However, upon debugging, I found that self.terminate was never called in my case...

I changed the process pool name in the decorator to with ThreadPoolExecutor(max_workers=1, thread_name_prefix=self.transport_instance.open_cmd[21]) as pool: so that I could use the thread names to see which device was locking (index 21 is linked to my specific open_cmd). Once the program locked, I could see the locked device by looking at thread names in the debugger. If I kill the underlying ssh process (using HTOP or PS+kill), using the device name (which is in the process name), the program unlocks. In this case we get a scrapli.transport - CRITICAL - encountered EOF reading from transport; typically means the device closed the connection as expected (the call to read is interrupted by the OS because the process has been killed, and OSError is raised).

However, upon looking at the logs in details, I could see a log for the decorator timeout for this device (i tuned the log to include the device name as well): transport operation timed out, closing transport.
This means that the _handle_timeout is not fired

@carlmontanari
Copy link
Owner

I tested with transport_timeout=0, but I still get the locking issue.
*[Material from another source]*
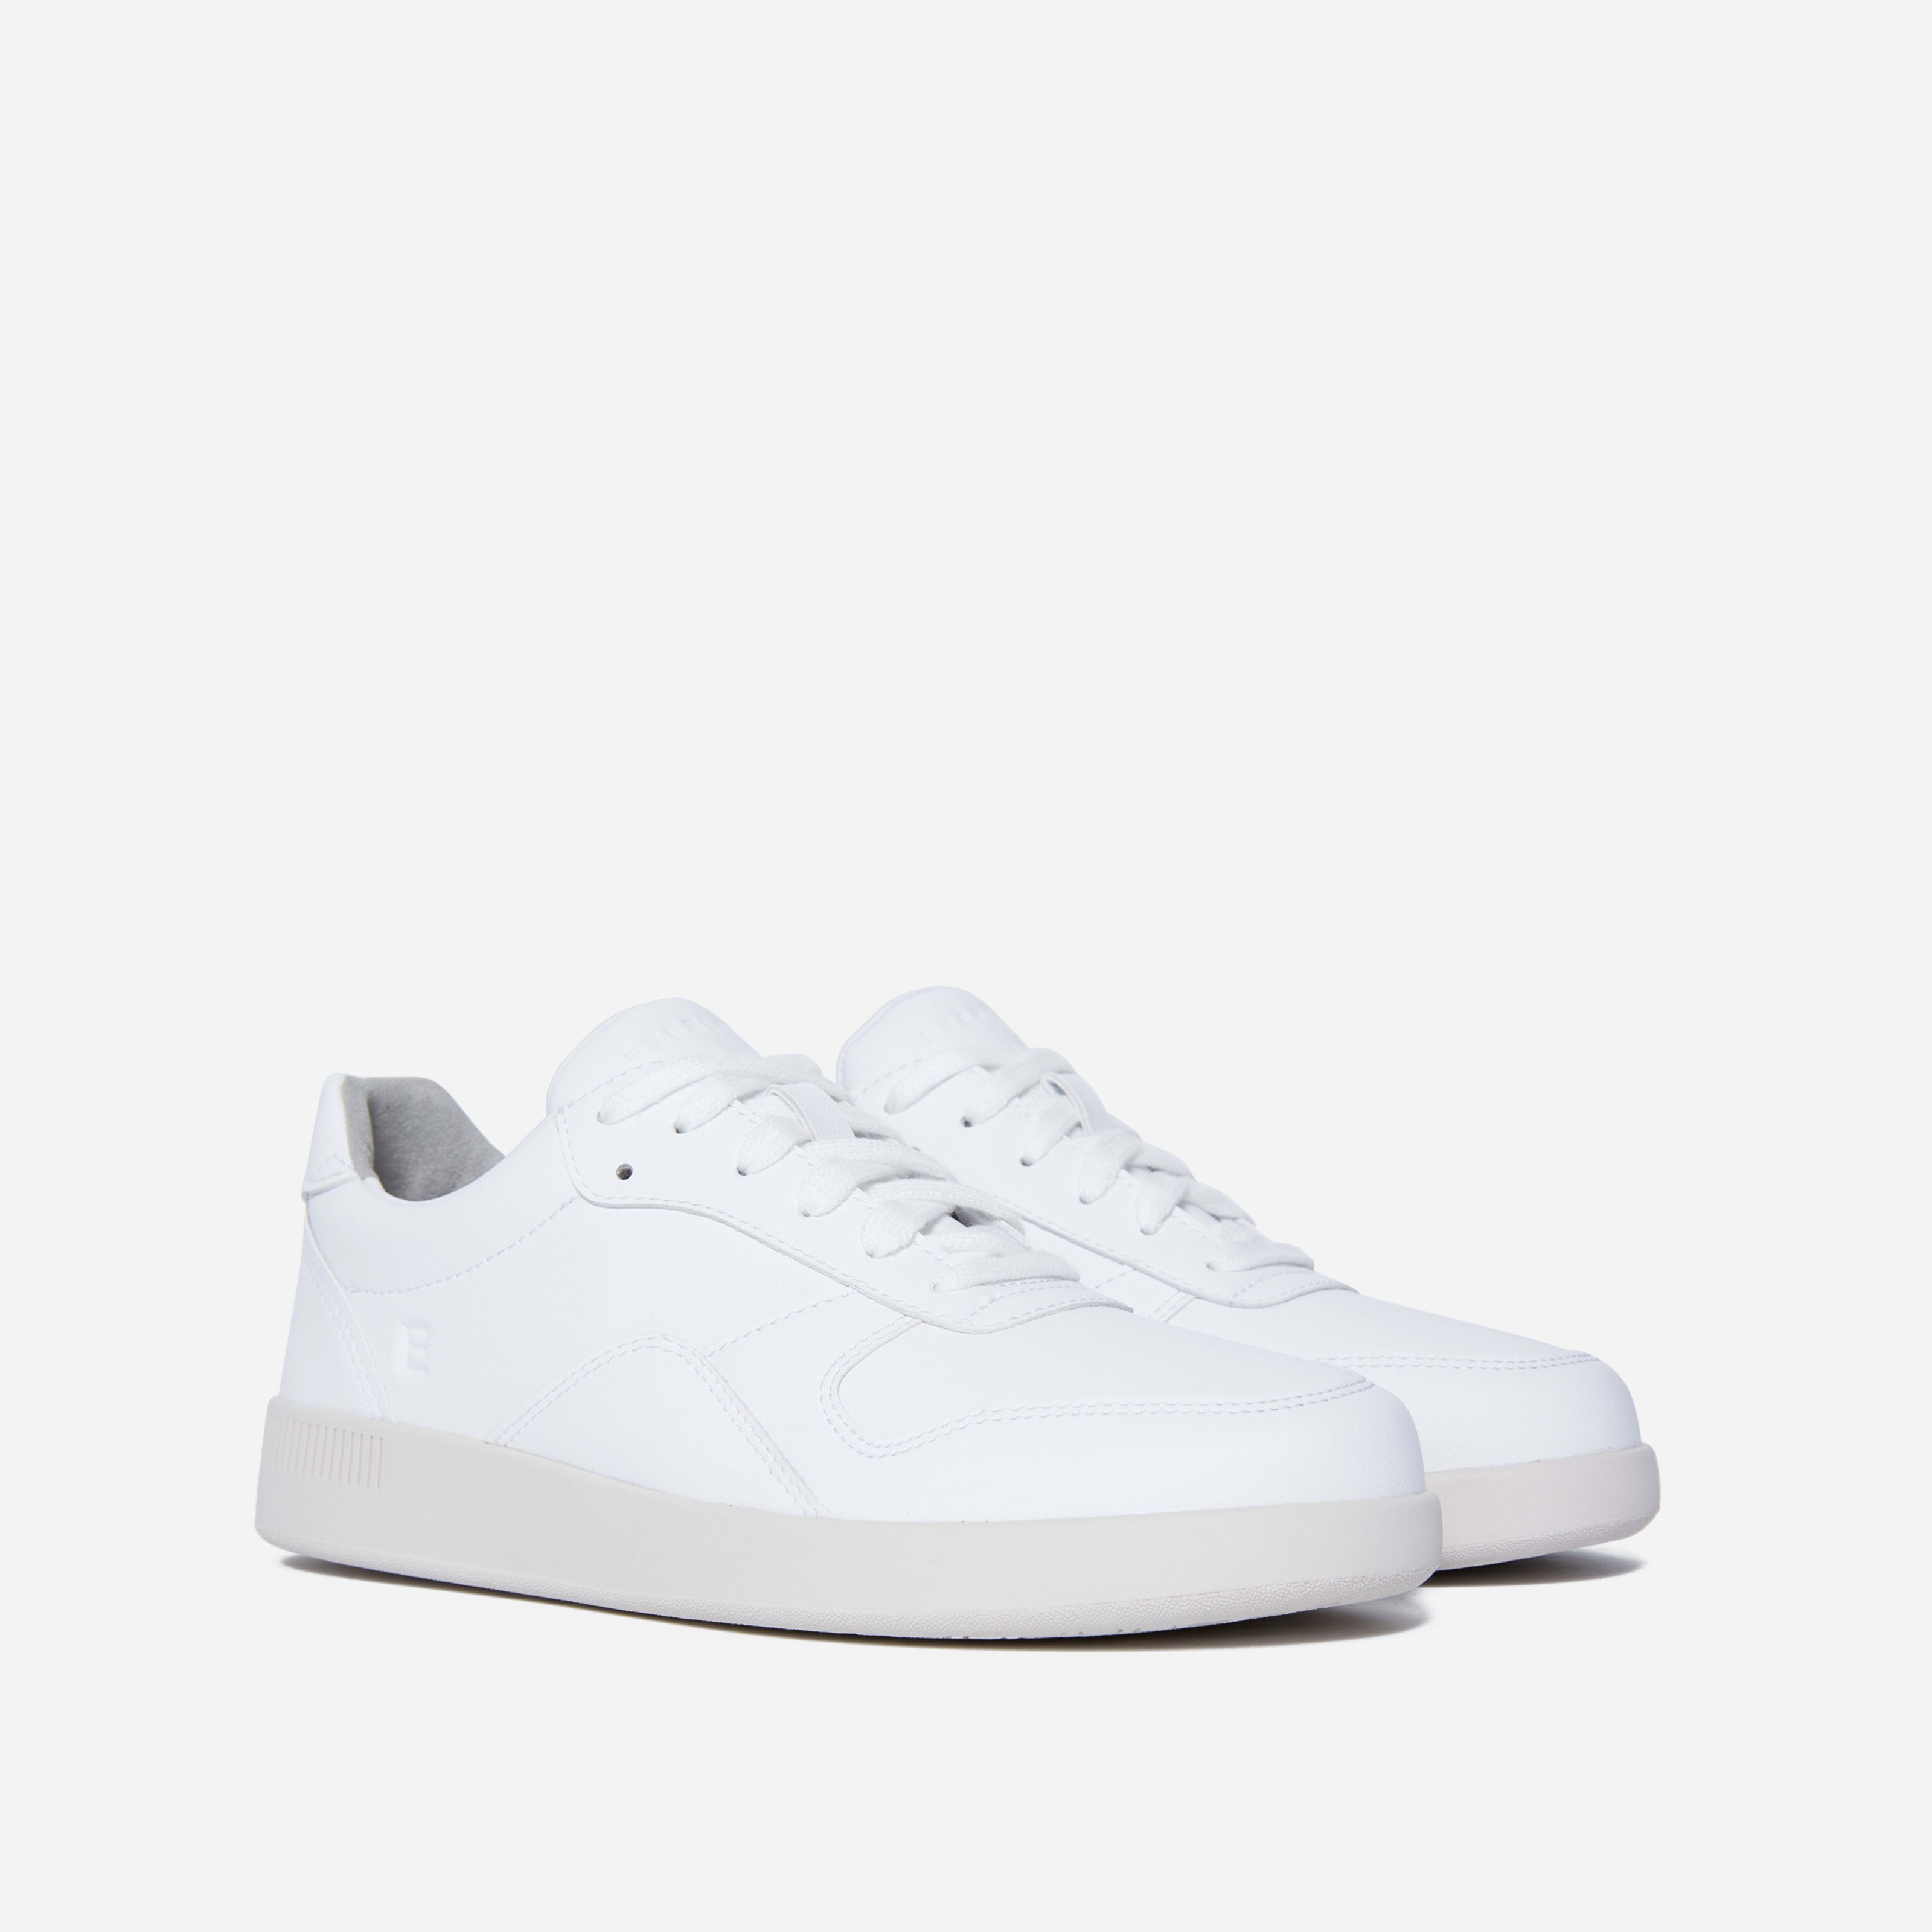 Women's ReLeather Court Sneaker by Everlane in White, Size W9M7 | Everlane
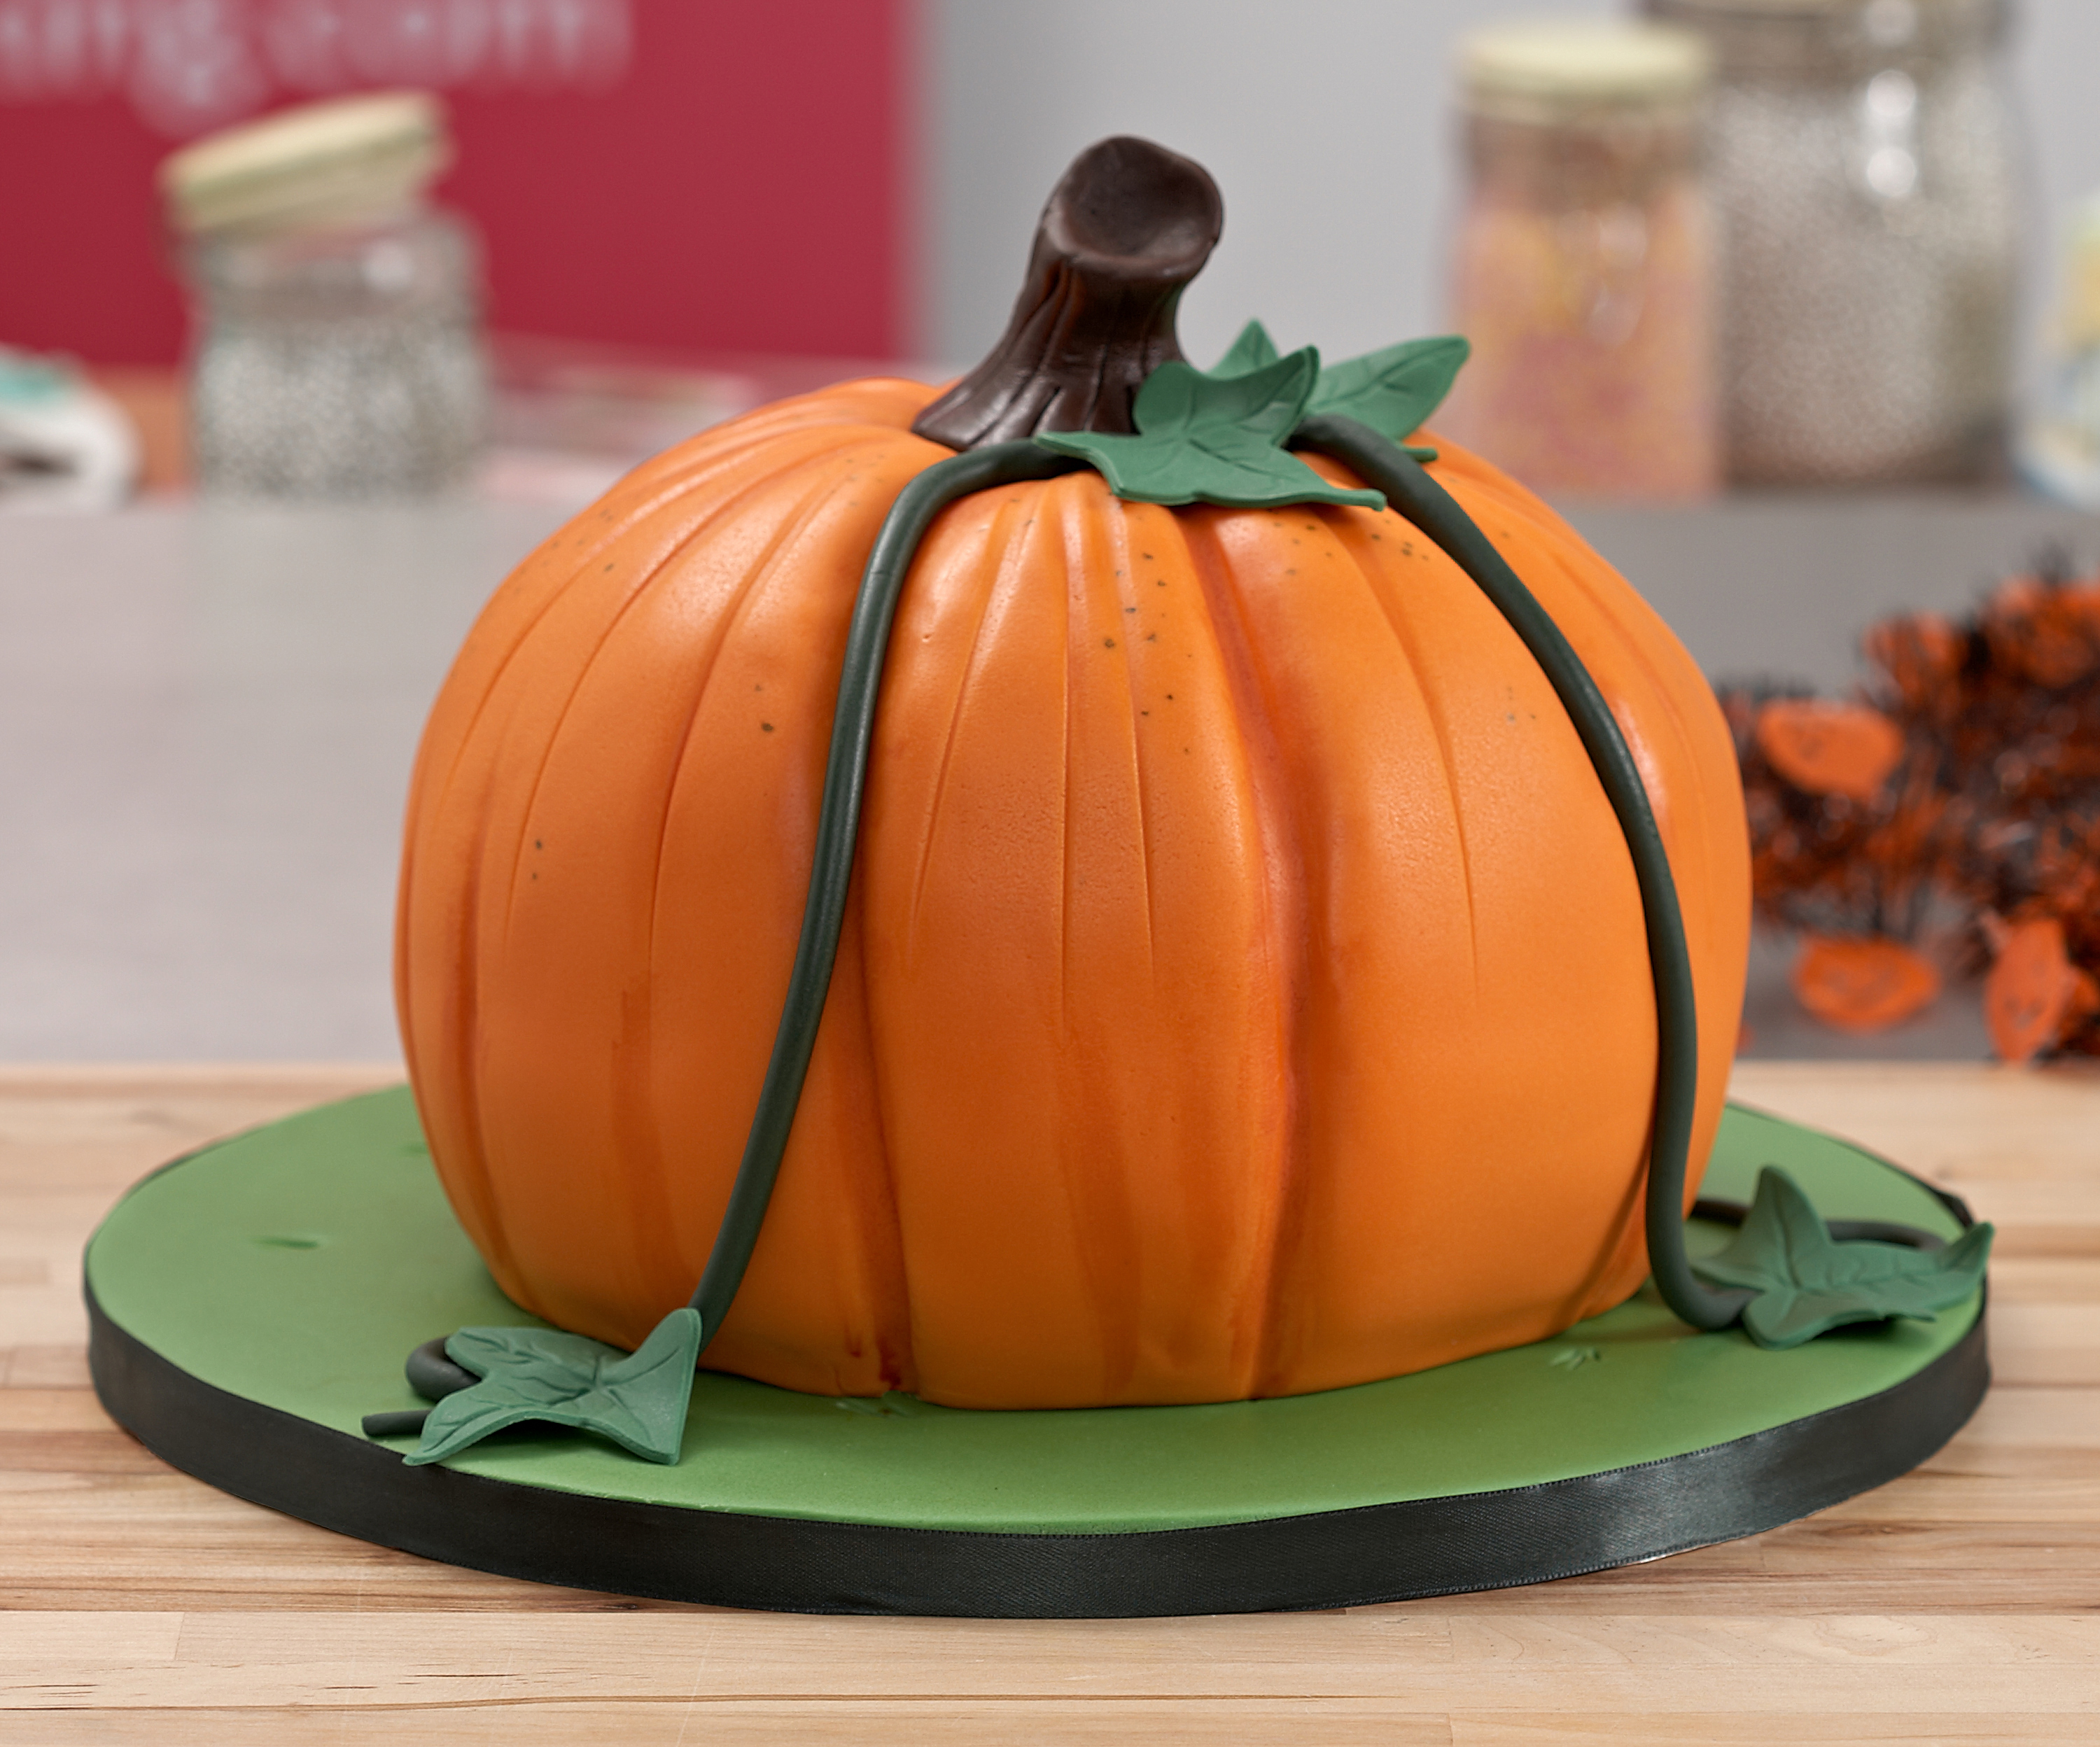 How to Carve and Decorate a Pumpkin Cake

The threads are locked on read1 all the same, the only difference is that I don't have a extraneous thread locked on the ThreadPool exit call.

yeah, this makes sense in hindsight -- we would still be blocking on read1, and the channel timeout wrapper would still apply. I suspect if we set both transport and channel timeouts to 0 we would see it hang and/or have some other issue...

In this case we get a scrapli.transport - CRITICAL - encountered EOF reading from transport; typically means the device closed the connection as expected (the call to read is interrupted by the OS because the process has been killed, and OSError is raised).

OK, tracking so far -- this feels "good" (in that that sounds like what it should be doing!)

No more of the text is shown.